* WHAT IS REQUIRED *
Pick out each line with the word "Foto" from the material that follows.

* DATA UNDER STUDY *
----------
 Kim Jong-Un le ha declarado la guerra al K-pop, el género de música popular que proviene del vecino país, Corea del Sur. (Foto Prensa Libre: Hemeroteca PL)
----------
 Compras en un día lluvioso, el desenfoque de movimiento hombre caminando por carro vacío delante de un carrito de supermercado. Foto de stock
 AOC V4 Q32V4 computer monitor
----------
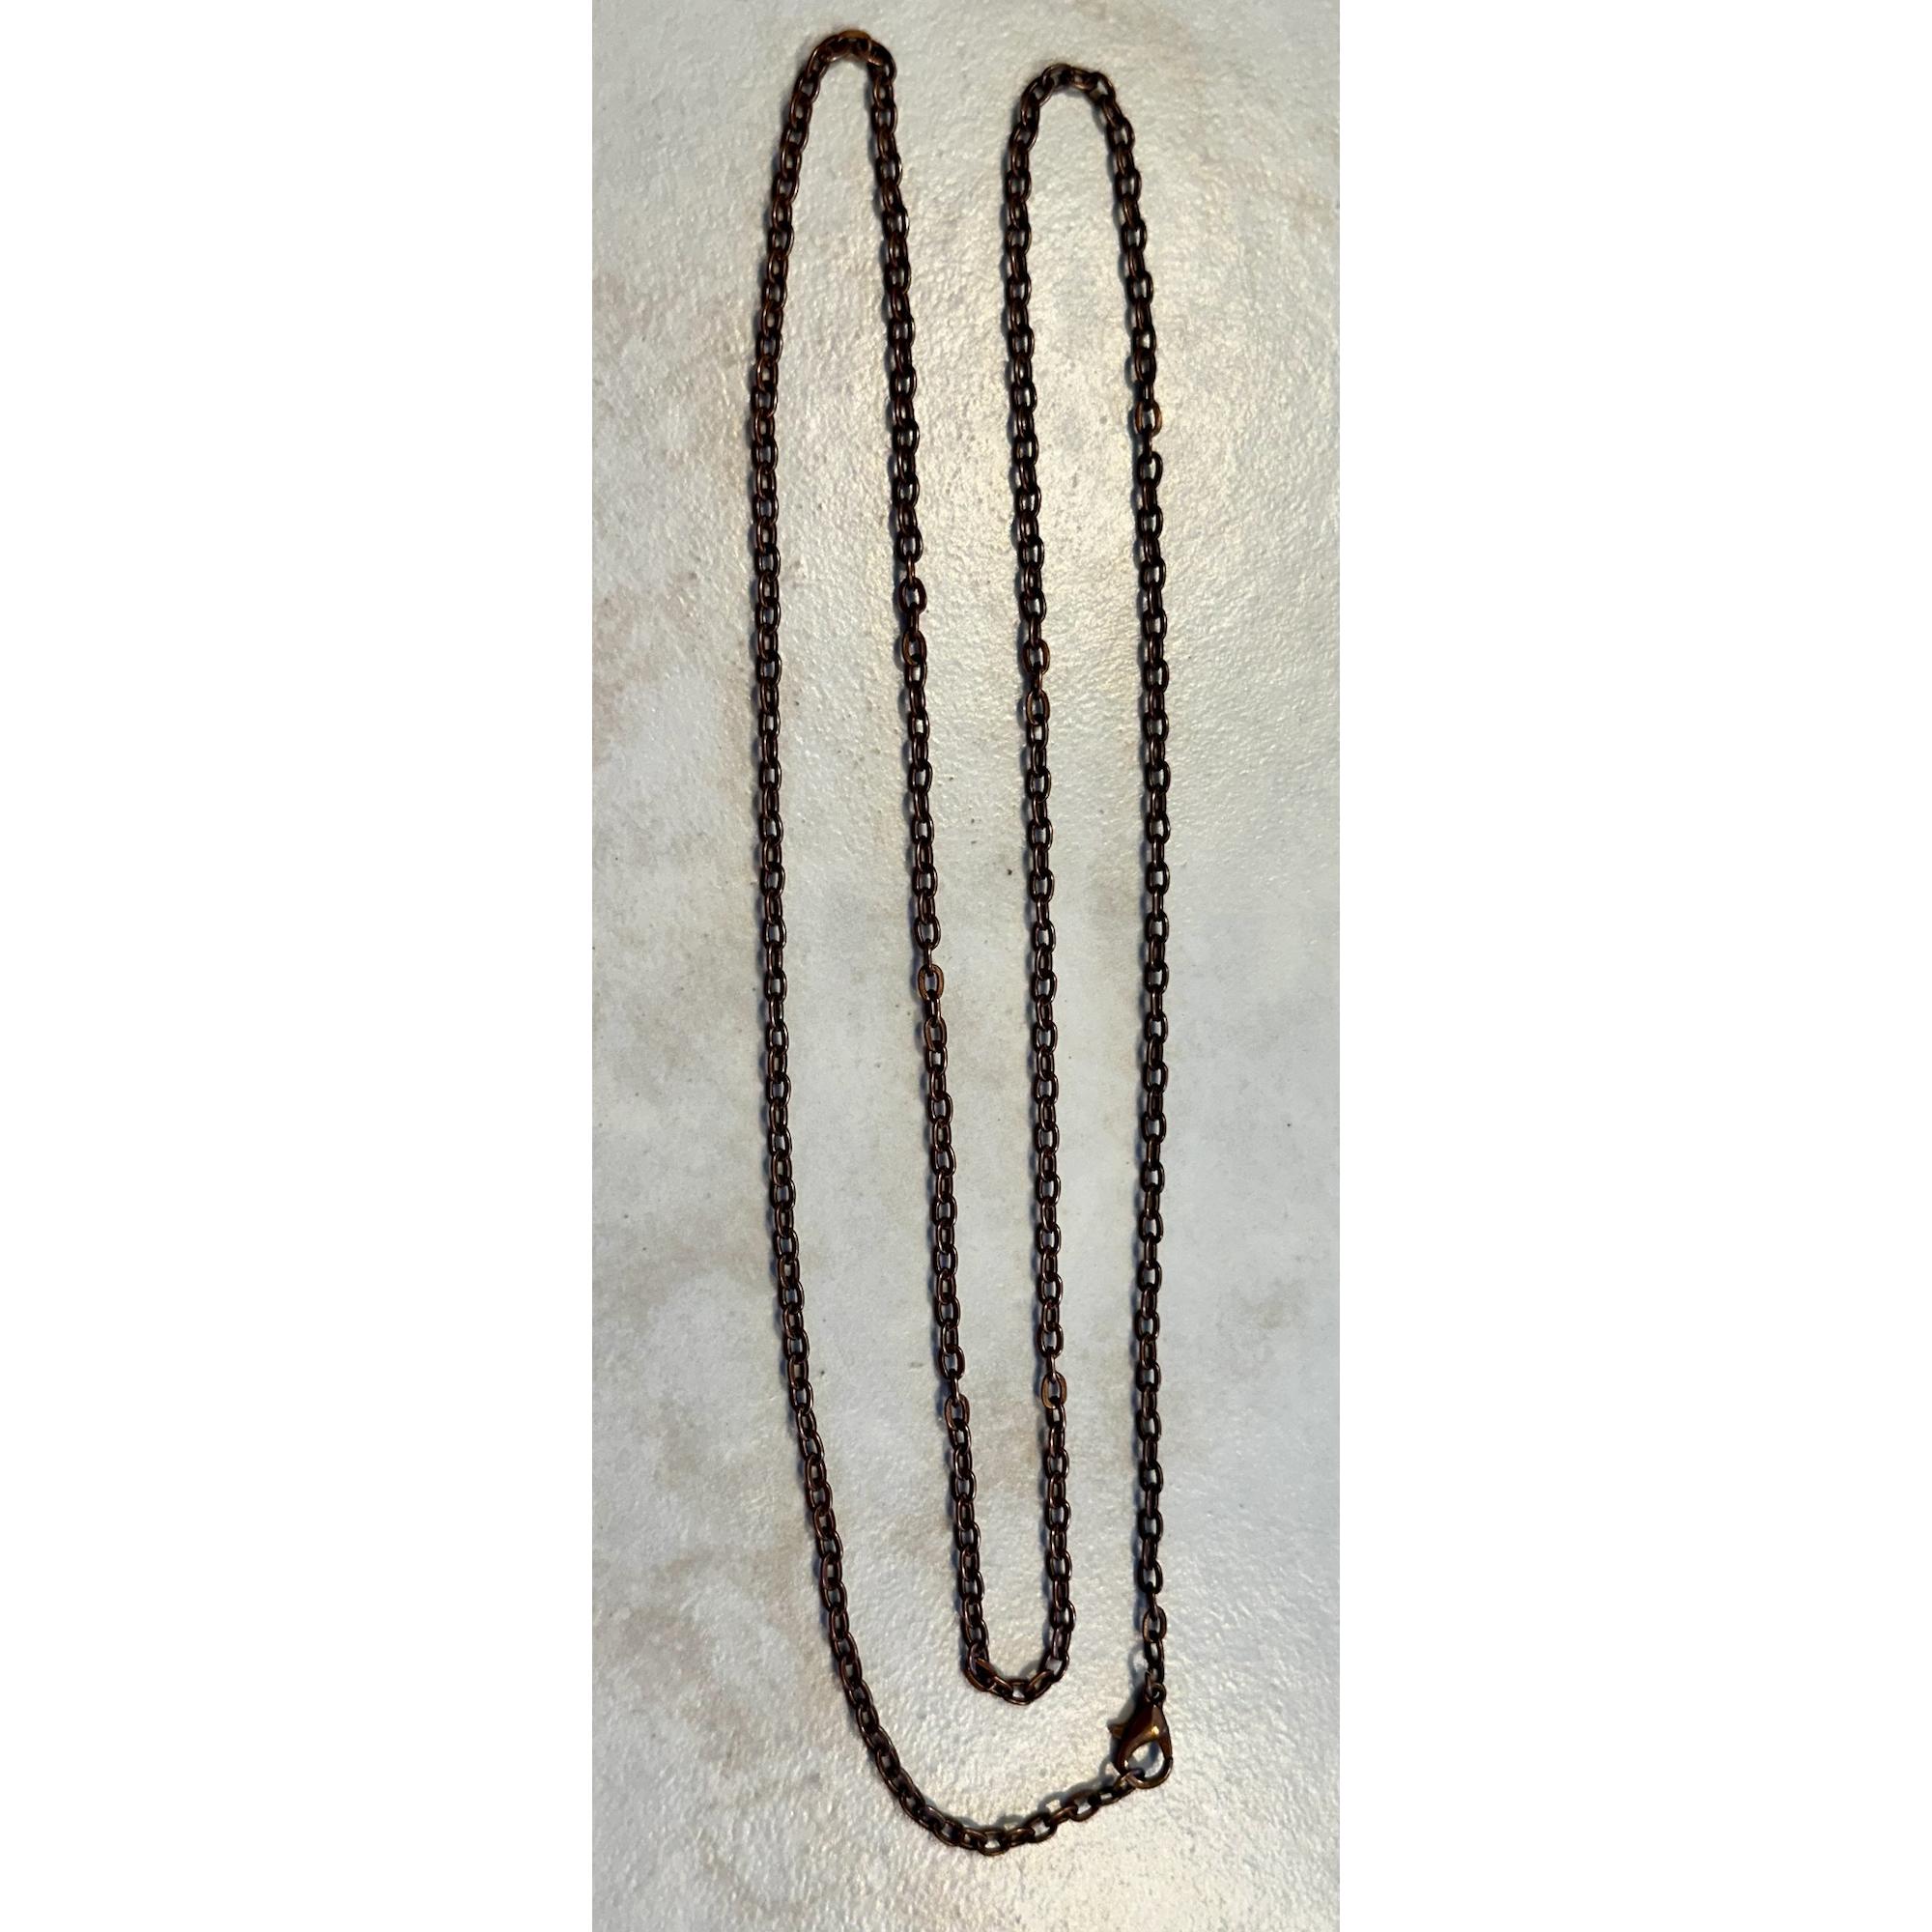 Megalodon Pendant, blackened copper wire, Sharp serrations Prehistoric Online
----------
* SOLUTION TO THIS PROBLEM *
 Kim Jong-Un le ha declarado la guerra al K-pop, el género de música popular que proviene del vecino país, Corea del Sur. (Foto Prensa Libre: Hemeroteca PL)
 Compras en un día lluvioso, el desenfoque de movimiento hombre caminando por carro vacío delante de un carrito de supermercado. Foto de stock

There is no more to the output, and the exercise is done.